These are some the issues you’ll be fielding sooner than you think:
Employees are gonna want to use the latest
toysproductivity tools. How exactly is this going to manifest itself? What should your policies be?Higher-ups are gonna want to know what’s going on with this new AI, and what their plan should be
The data scientists are going to tell you two things about artificial intelligence that you should take to heart
Machine Learning is good at interpolation, but questionable at extrapolation. In other words: the computer is good at things where it has lots of relevant examples to learn from, but is less trustworthy in areas it hasn’t seen before, so beware when you’re using these tools. When GPT has nothing relevant to draw on, it tends to produce believable fibs. Uh oh.
Machine learning needs clean, relevant data to be trained, and often lots of it
The product people are going to tell you two things about building useful stuff
The data scientists are right - we need to start identifying data sources that we already have (call transcripts, internal documentation, the more polite Slack messages), cleaning them up, and matching those up to potential use cases
Someone needs to track all the ideas regarding where in the company you might use GPT, and keep a list of (or a Slack channel for) all the teams that are currently experimenting with it
The team will give you quarterly updates on
Technology - what’s state of the art? Trends? What are competitors up to? Are there new prompt strategies emerging?

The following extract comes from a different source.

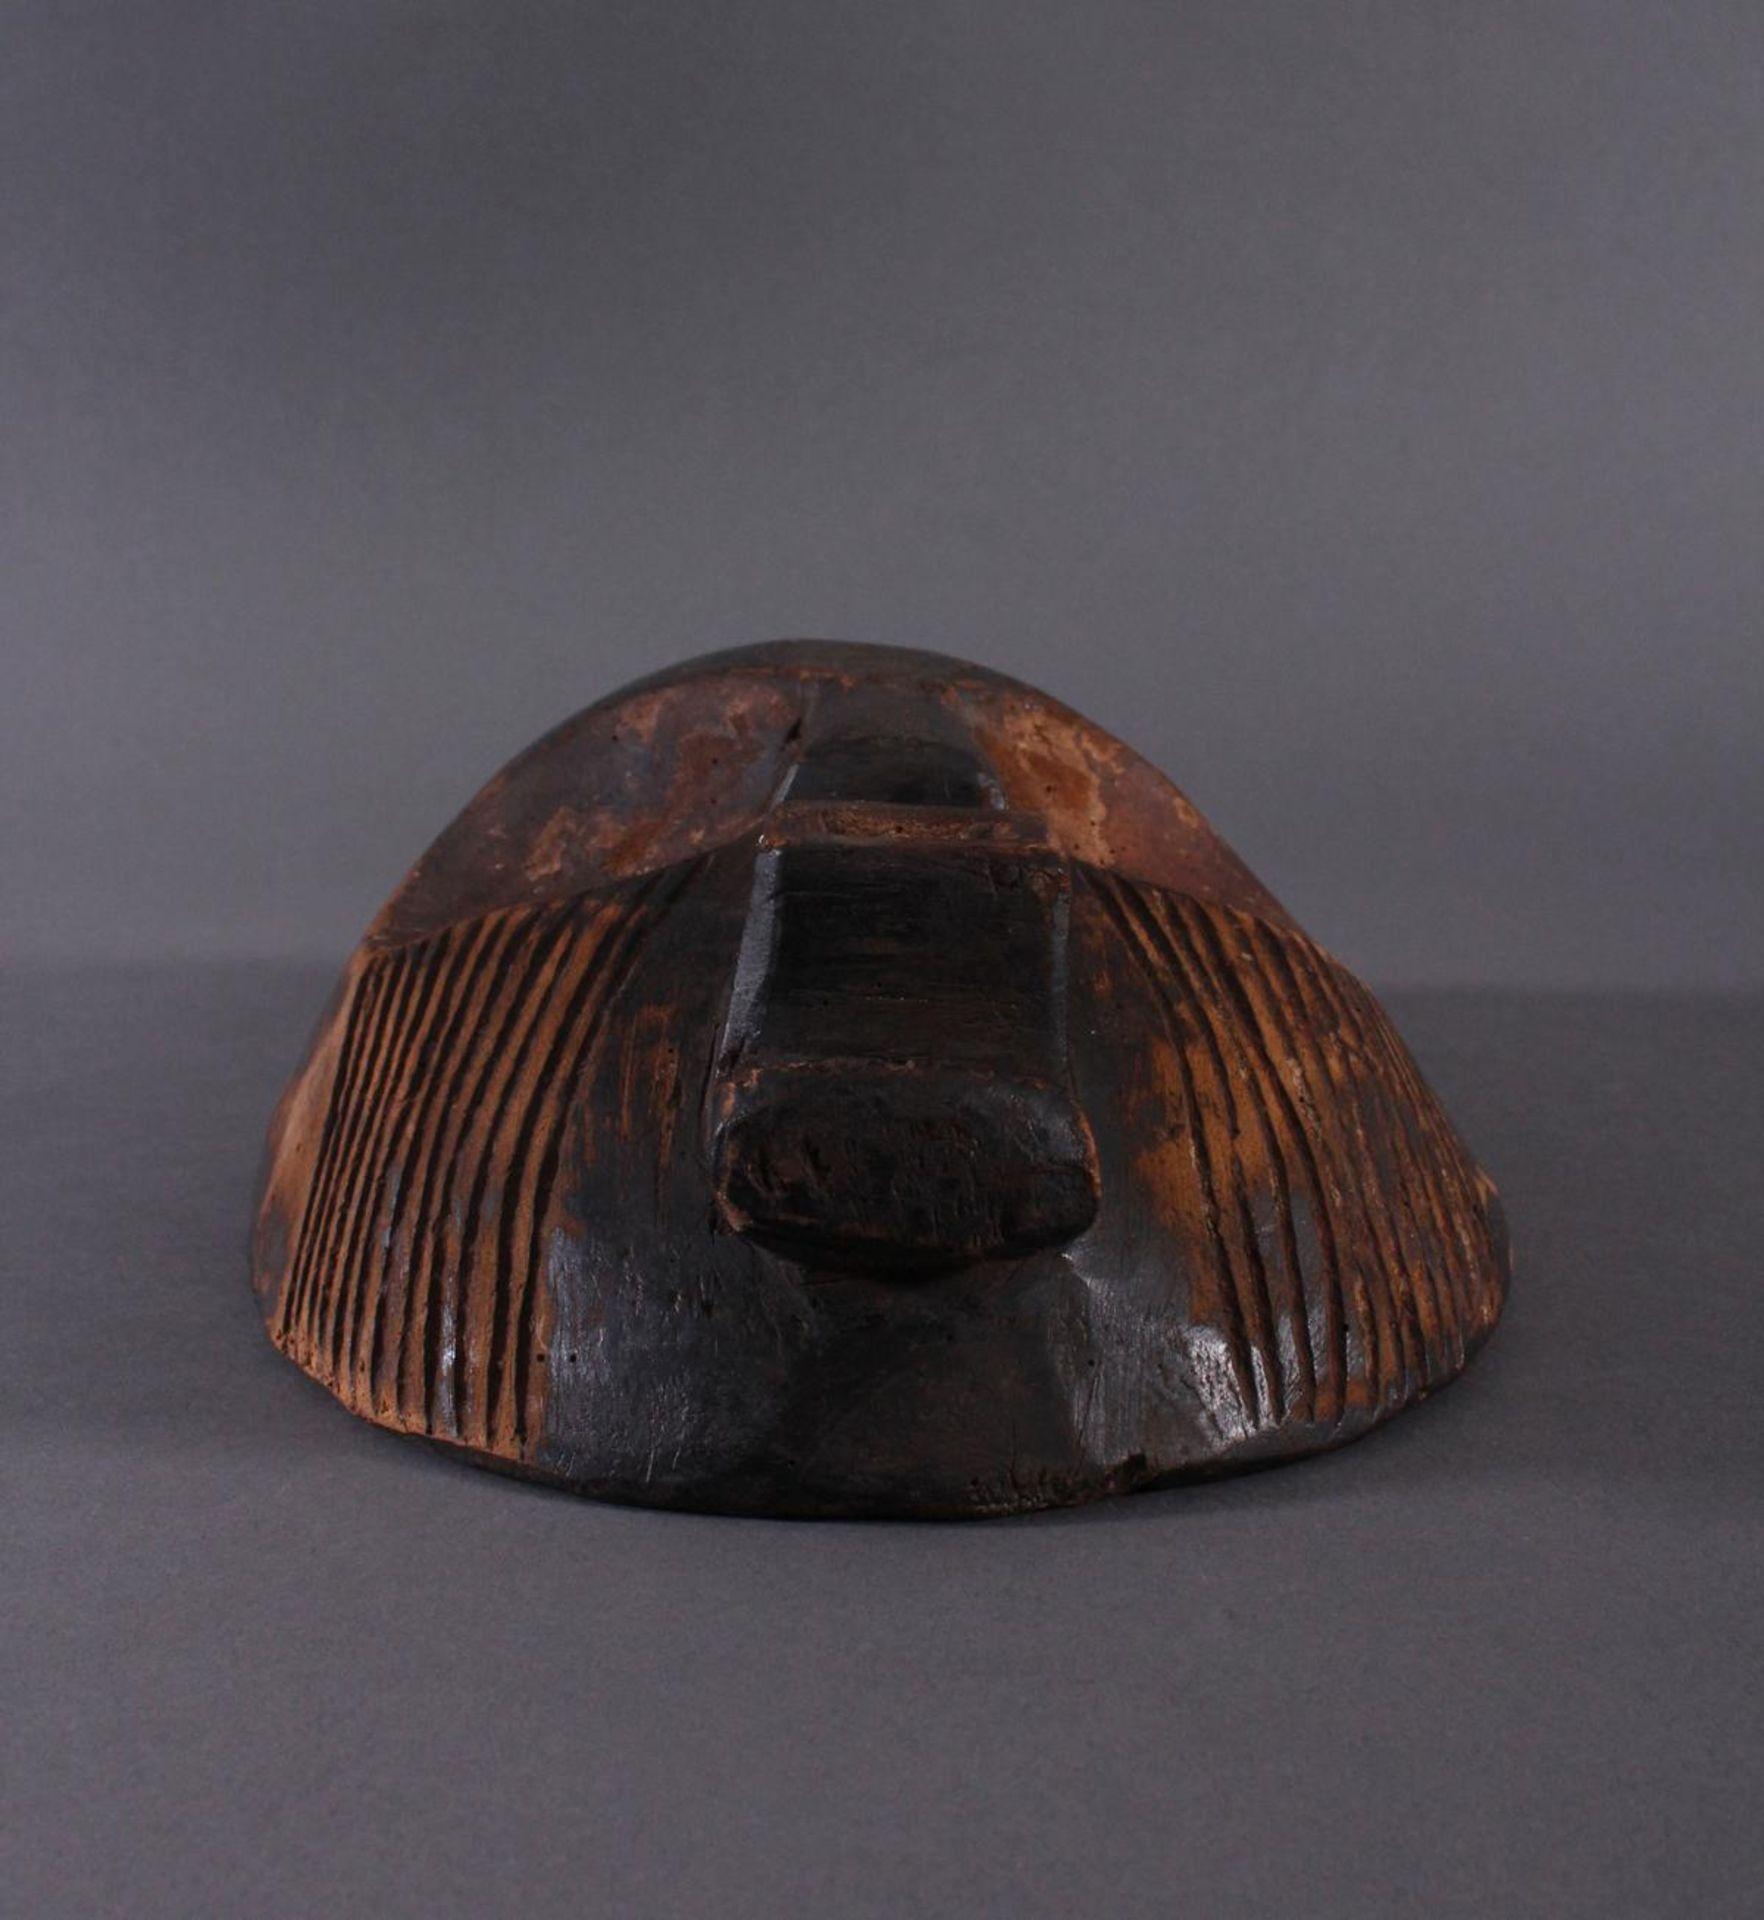 Antike Maske, Zaire/Kongo 1. Hälfte 20. Jh.Holz geschnitzt, dunköe Patina . Gesicht mit linearen - Bild 2 aus 6

How is internal prototyping and experimentation going? How easy has it been to run these models in-house?
Potential internal use cases, and how you might make them happen
Build vs. buy? Could we use transfer learning to get a pre-trained model up to speed on our internal data?
Potential risks to watch out for - this includes human factors such as your employees going onto external websites typing things like “write a plan for integrating our company with Blue Sun Corporation after the secret merger that’s slated for next year but not announced to the public yet”, or dealing with the optics of using a robot to write emotionally sensitive content (oops)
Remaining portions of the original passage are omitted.